I would say that for me without doubt this is the most
important of all, and you would be hard pushed to achieve the others without
Does your horse grace
you with their presence? Or do they avoid connecting with you through avoidance,
distraction or closing down?
Do they honour you with their participation? Or do they comply through coercion and bribery?
Are you focused on the outcomes of your training or the
honour of your horse?
Before you can expect your horse to trust you, first you must trust your horse and even before that trust yourself.
What does this mean?
It means accepting that whatever is happening right here, right now in this present moment is O.K. You don’t have to like it, but no amount of resistance to it or wishing for something else will change anything.
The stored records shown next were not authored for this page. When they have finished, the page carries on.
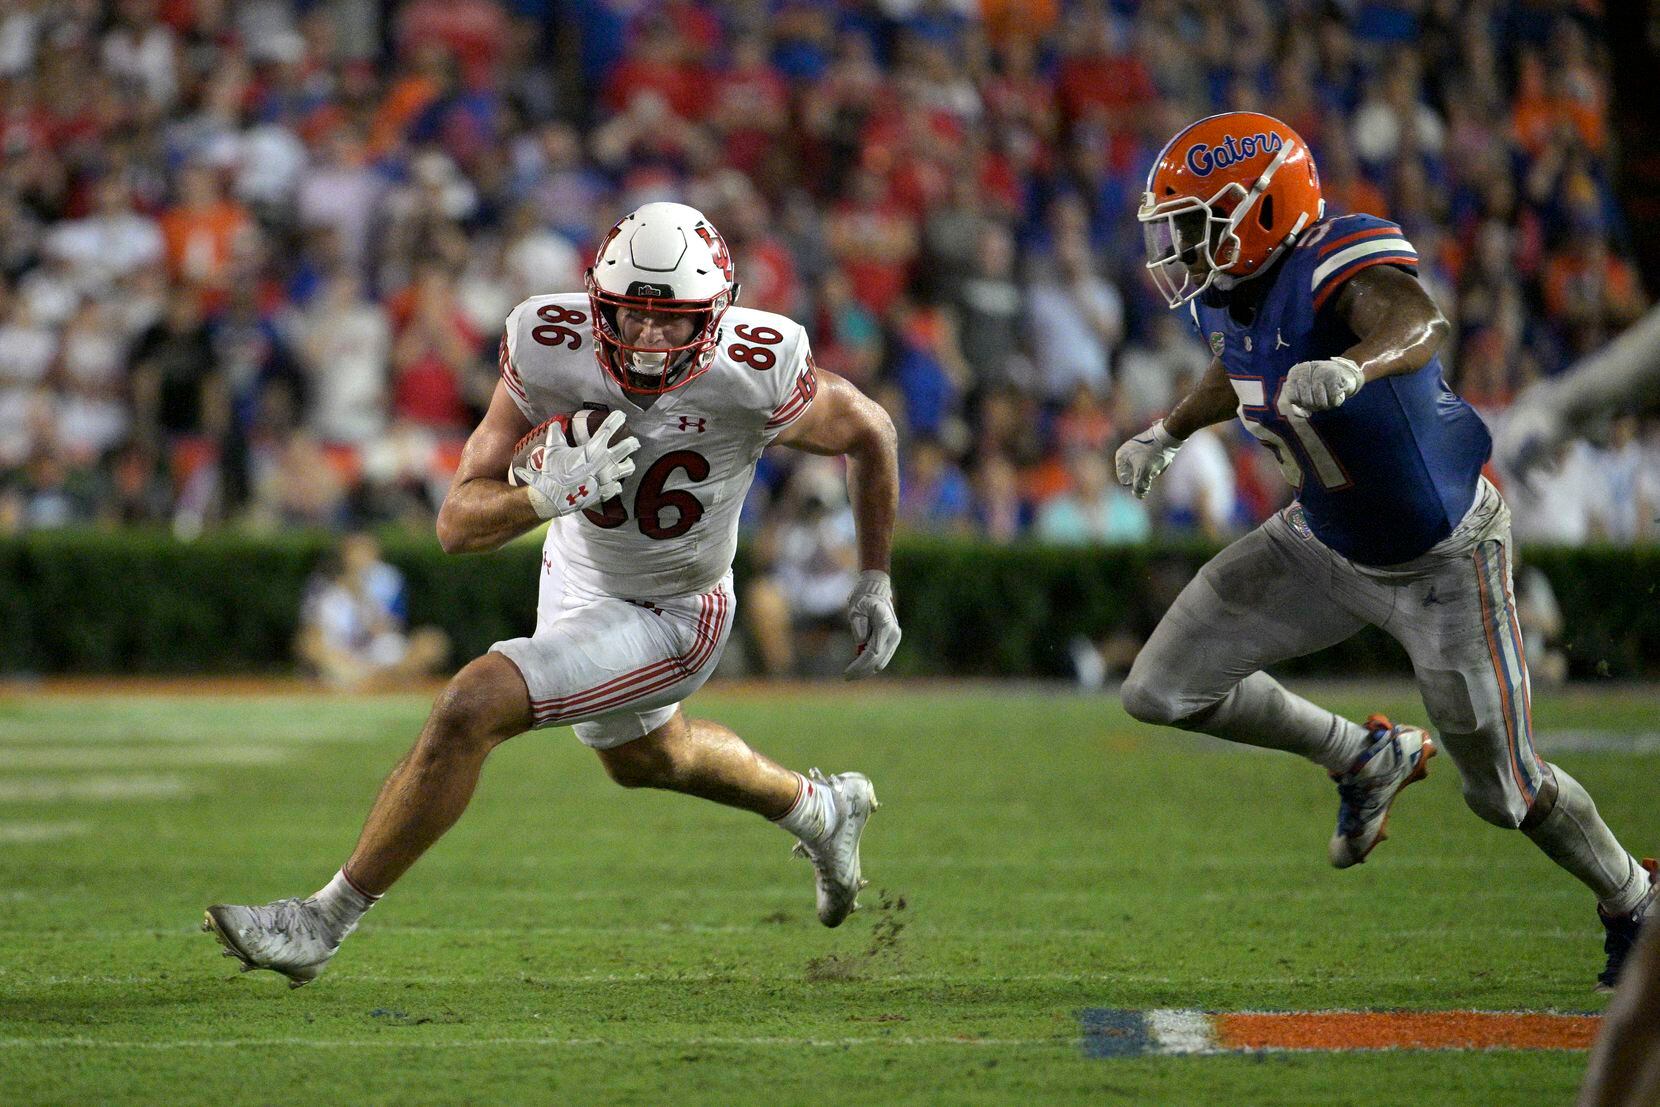 Utah tight end Dalton Kincaid (86) runs after catching a pass in front of Florida linebacker...
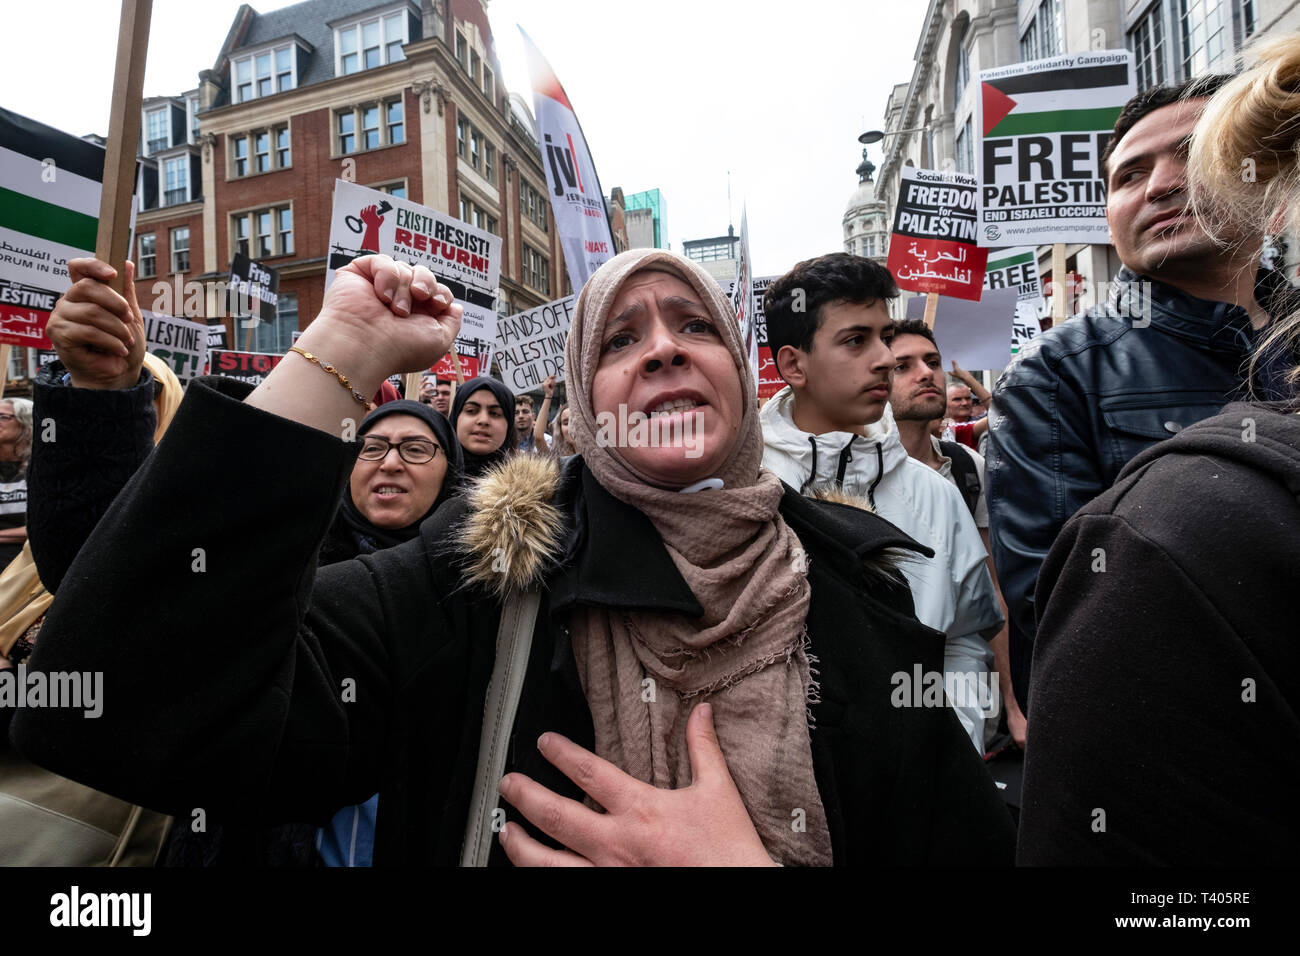 Rally for Palestine outside the Israeli Embassy: Exist,Resist, Return. A global call for solidarity on the 1st anniversary of the start of the Great Return March. Stock Photo
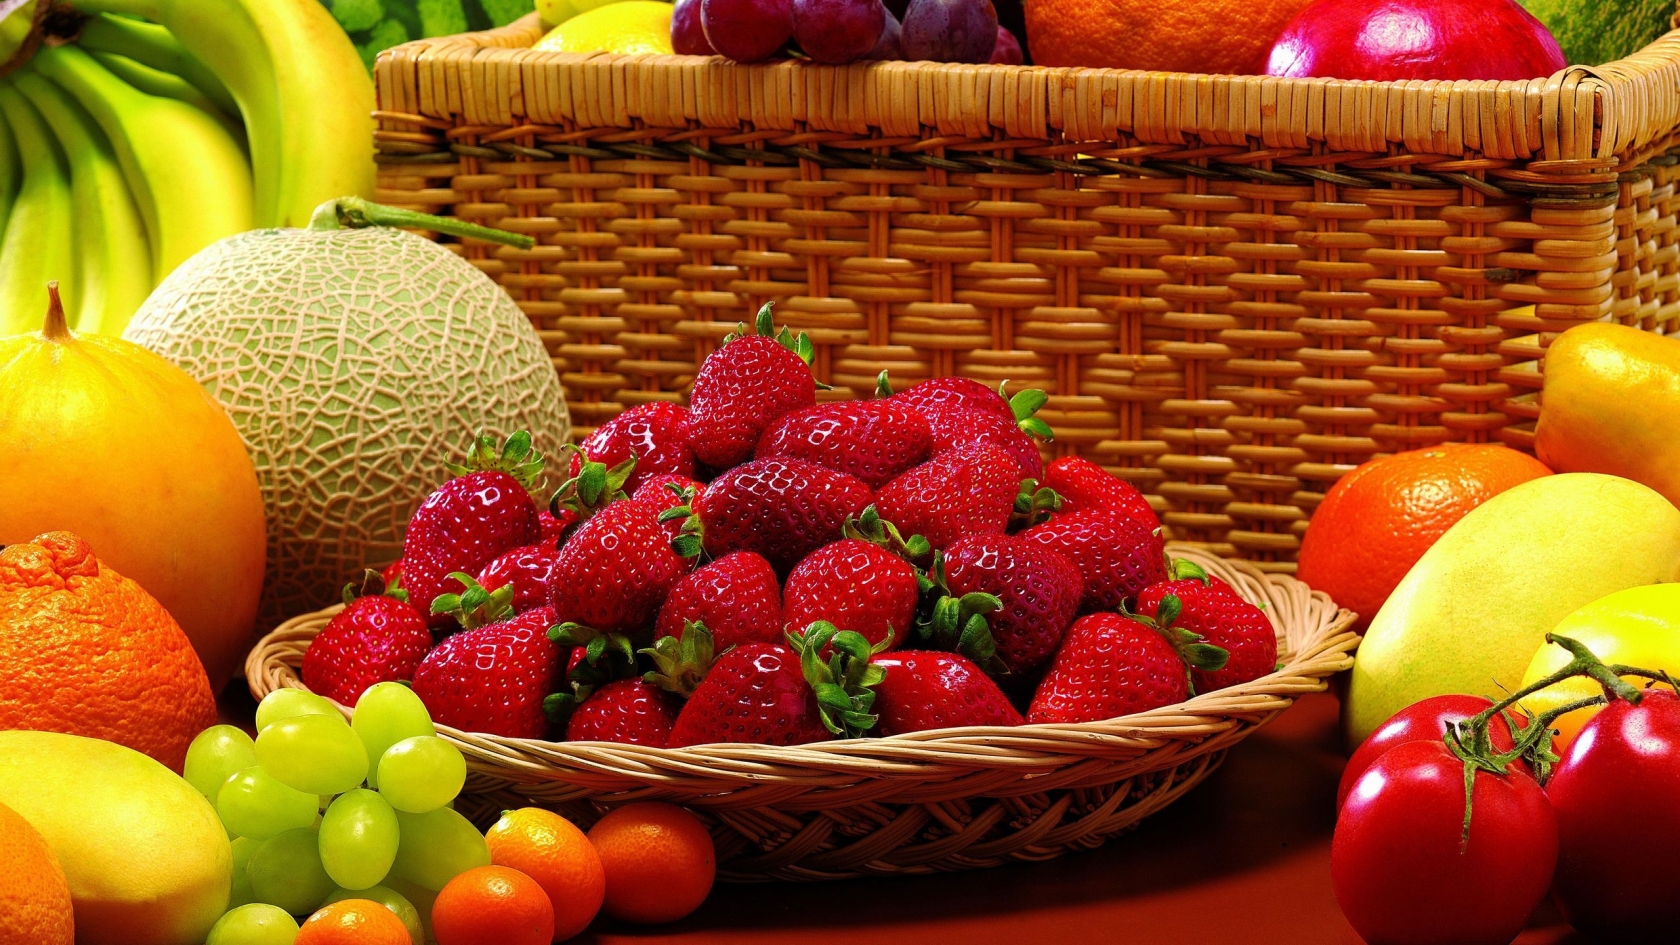 Amazing Fruits for 1680 x 945 HDTV resolution
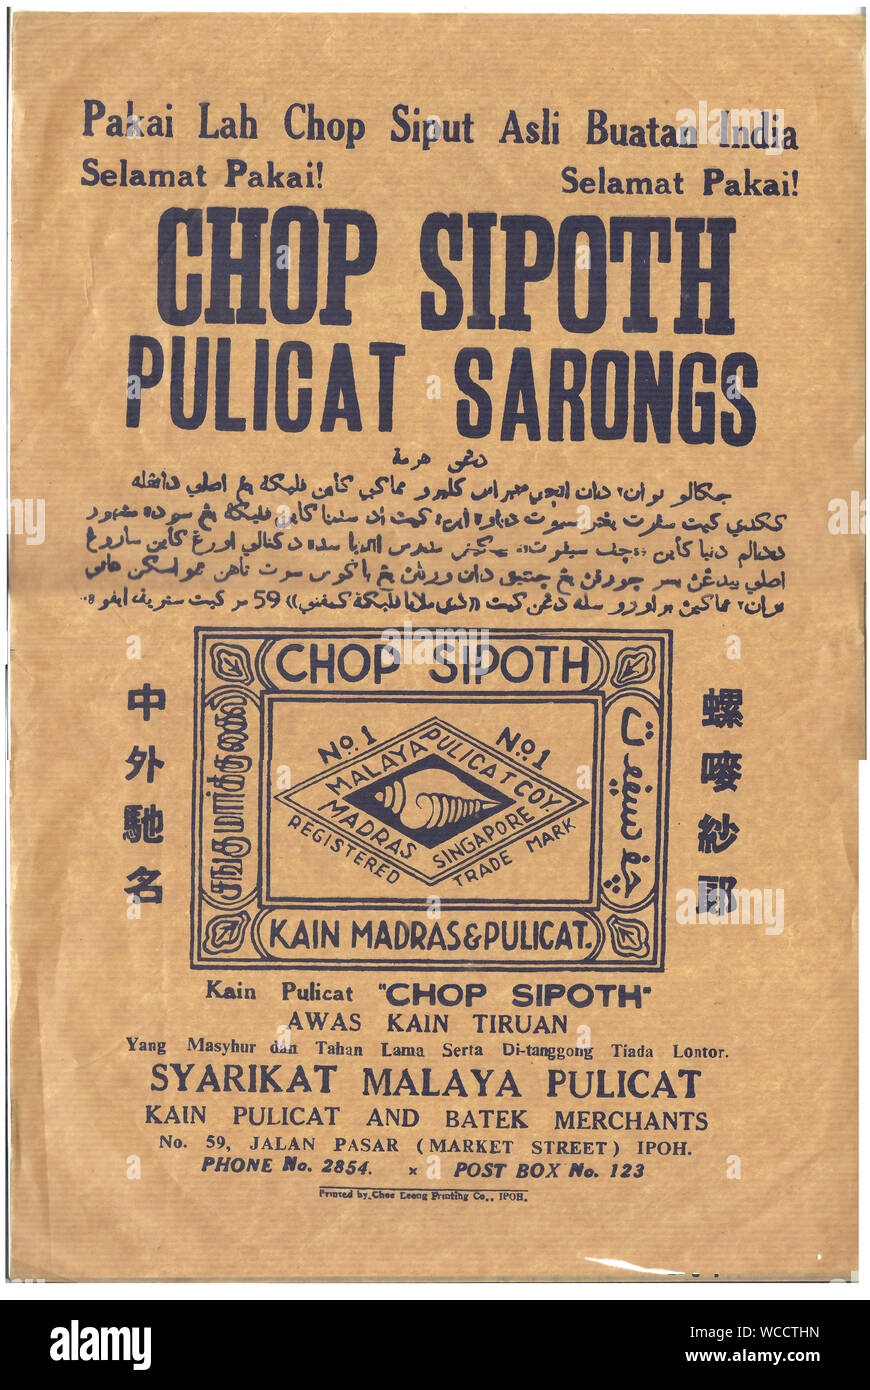 Old Poster - Malaysia. Real Vintage Art by Scan Contains several languages/, such as Chinese, Malay, Tamil, Jawi etc Stock Photo
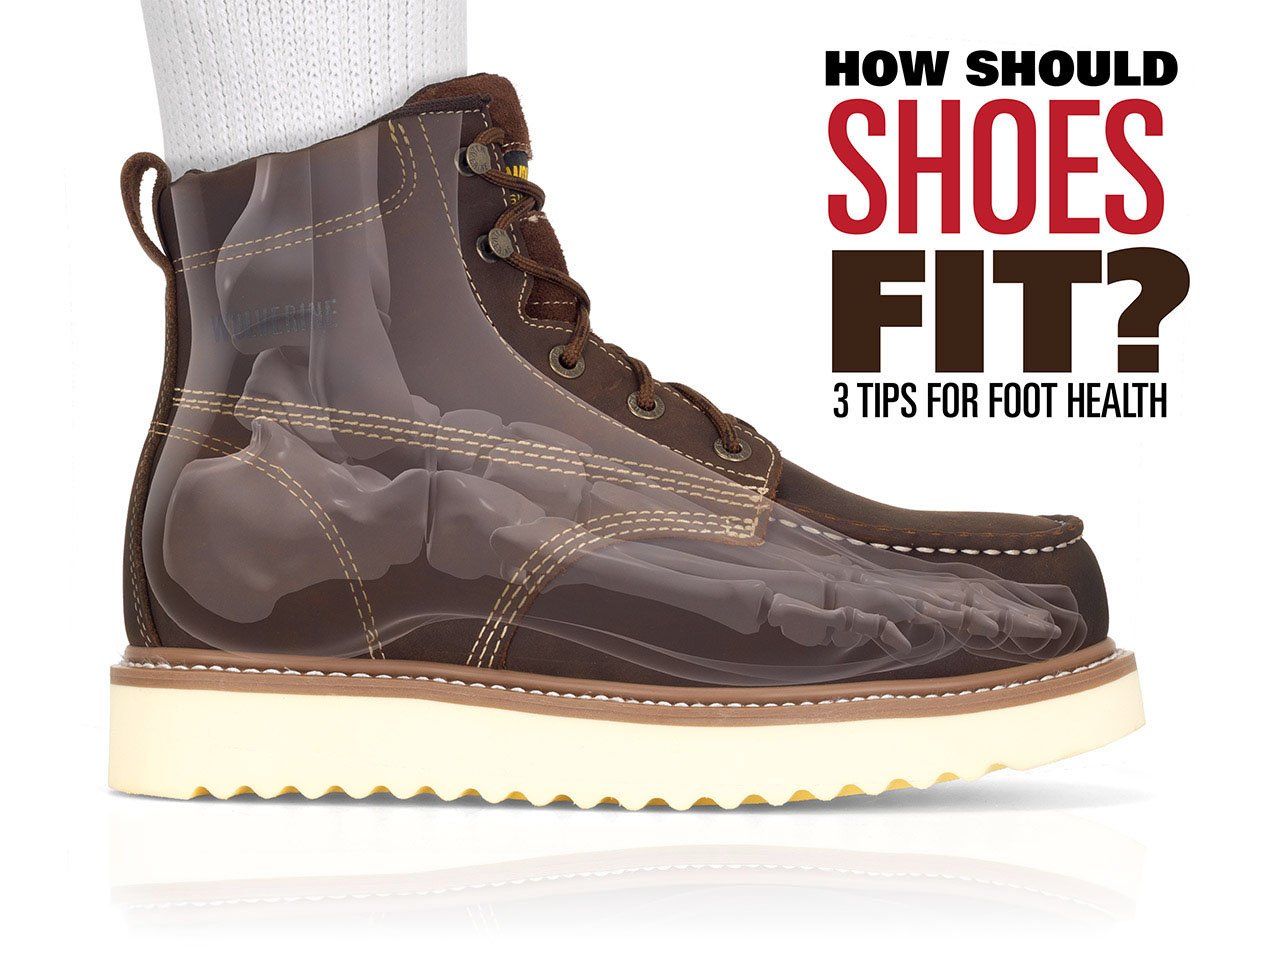 How Should Shoes Fit? 3 Tips for Foot Health
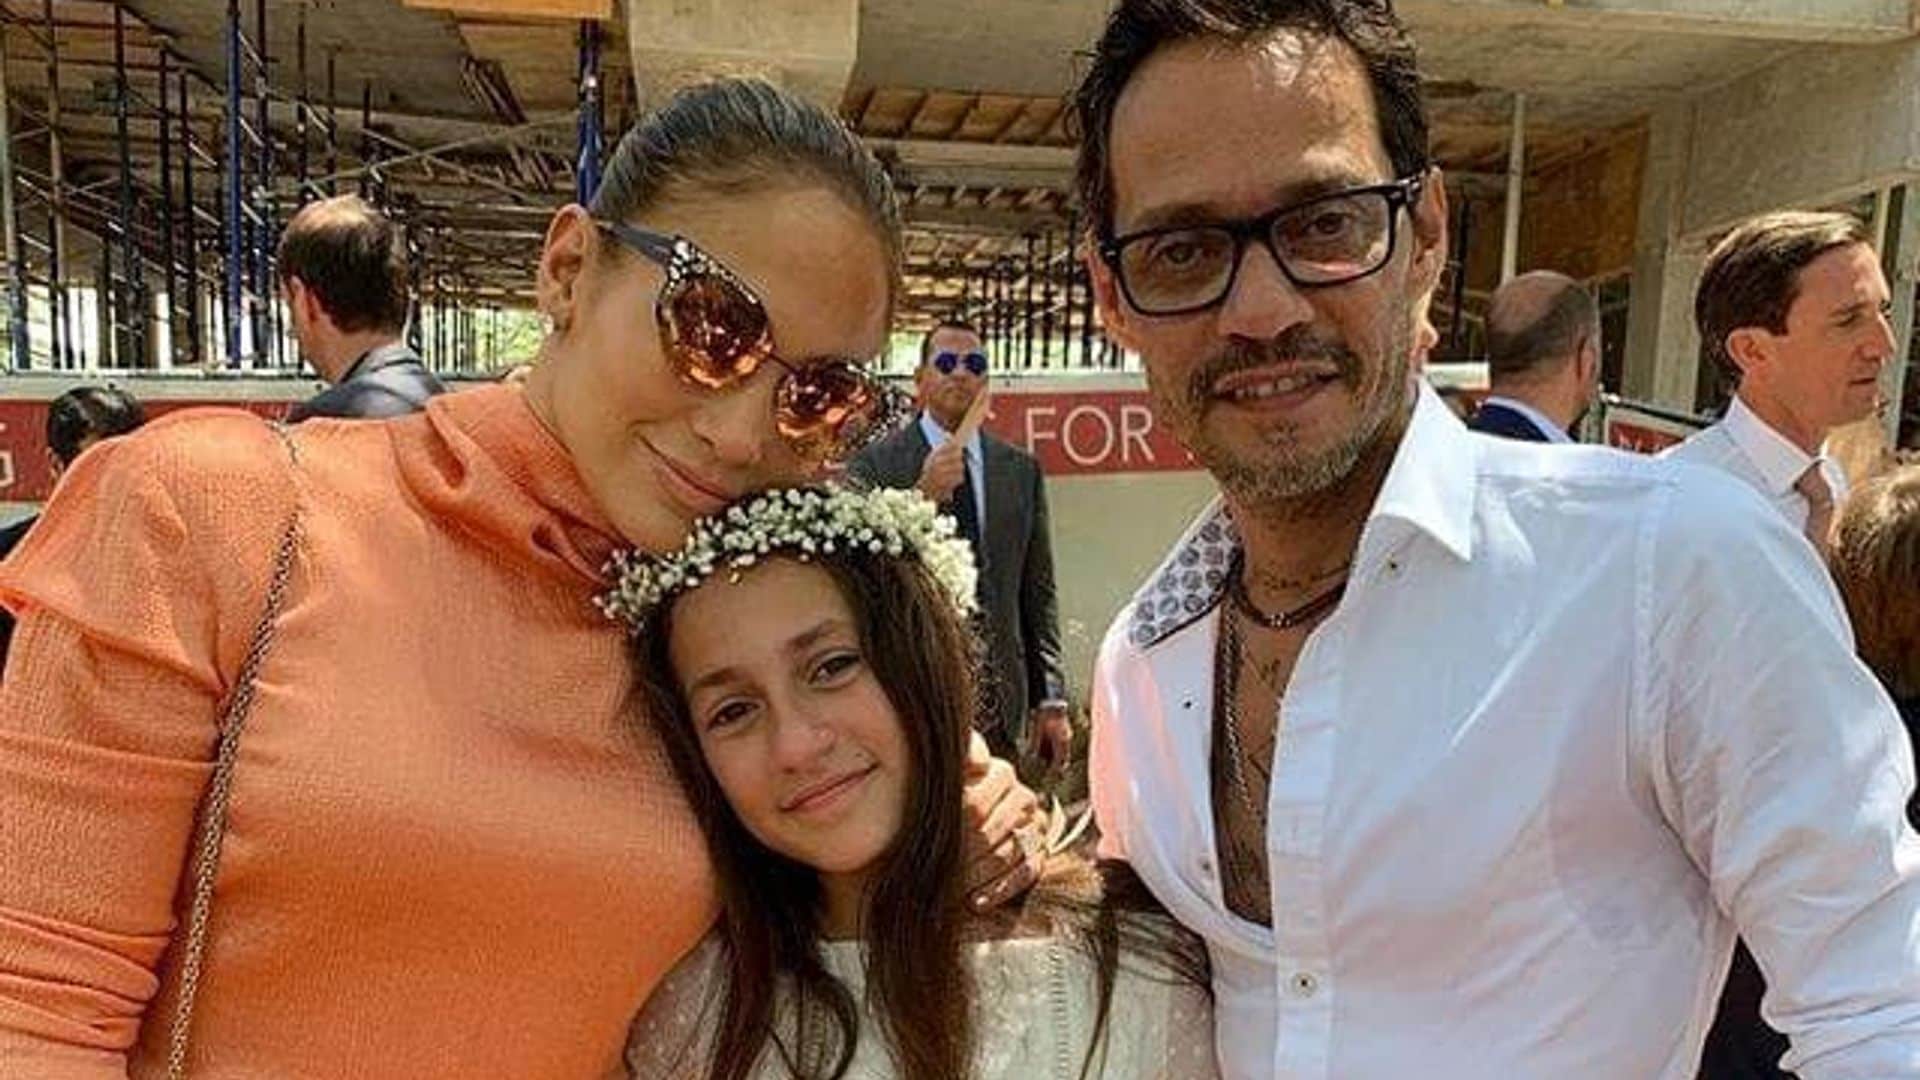 Jennifer Lopez's daughter Emme opens up about her famous parents and A-Rod's daughters

It means looking at your horse and understanding how they are feeling right now and knowing what you can do in this moment to help them feel better.
It is knowing that you can let go of any expectations of yourself or your horse and any “what if”s or “I should”s.
It means neither attaching yourself to or fearing a particular outcome, allowing yourself to be open to the inifinite number of possibilities that could arise in the next moment.
It means not blaming yourself, your horse or anyone else if you make a mistake – it happens!
The only thing you can ever do is your best in any given moment and that is always good enough.
It was almost 2 years ago that I was listening to “Pause for Thought” on the radio in the car. It was all about WAITING NOT WANTING and I immediately realised that I was hearing an important message. To become more of a human horses needed me to be, I had just started out on the long process of consciously transforming from a “Human Doing” to a “Human Being”. I had been mulling over how I was having a bit of a wobble because I felt like I was not able to do what I WANTED with Grace if I was going to give her the time and space that she needed. This is what I wrote at the time…
“WAITING not WANTING has become my mantra. I have too much WANT for outcomes, success, recognition. It is this that has underpinned everything I do. When things are not going well all my fears are around not being good enough, not being successful, how others will view this, fear of not achieving my goals, being afraid to step back and wait because my progress will falter and I will never succeed if I don’t keep working away day after day to solve everything that isn’t right, like an obsession. And it happens straight away,as soon as one tiny thing doesn’t fall into place, as soon as perfection starts to leave me behind. Telling myself none of this matters – it’s just Grace and me,means the nagging voice kicks in and tells me it does matter and feelings of anxiety and even panic start to arise. So now I can catch myself wanting to be somewhere else in my journey, wanting to do something else, wanting to be better, wanting Grace to be better – to satisfy my nagging ego.
Then I remind myself
of WAITING not WANTING
I need to re-calibrate my dreams and goals, so that our success is in the beauty of what we do together and not the results for everyone else’s benefit.”
Looking back this has been one of the most important lessons I have learned and is still very relevant today, although by comparison I WANT a lot less and WAIT a lot more. I am much more prepared to work at the horse’s pace even if it means dropping my own agenda.
Horses have no concept of time and our need to get things done yesterday or to boost our ego has no meaning for them, and the energy we project at this time is not appealing to them.
If we can WAIT for them instead of WANT something else our energy is much more attractive to them and they will be far more willing and motivated to join with us in our activities without worry or stress. This is what I practice on a daily basis and how I like to support others who may feel as if their horse does not do or give them what they want.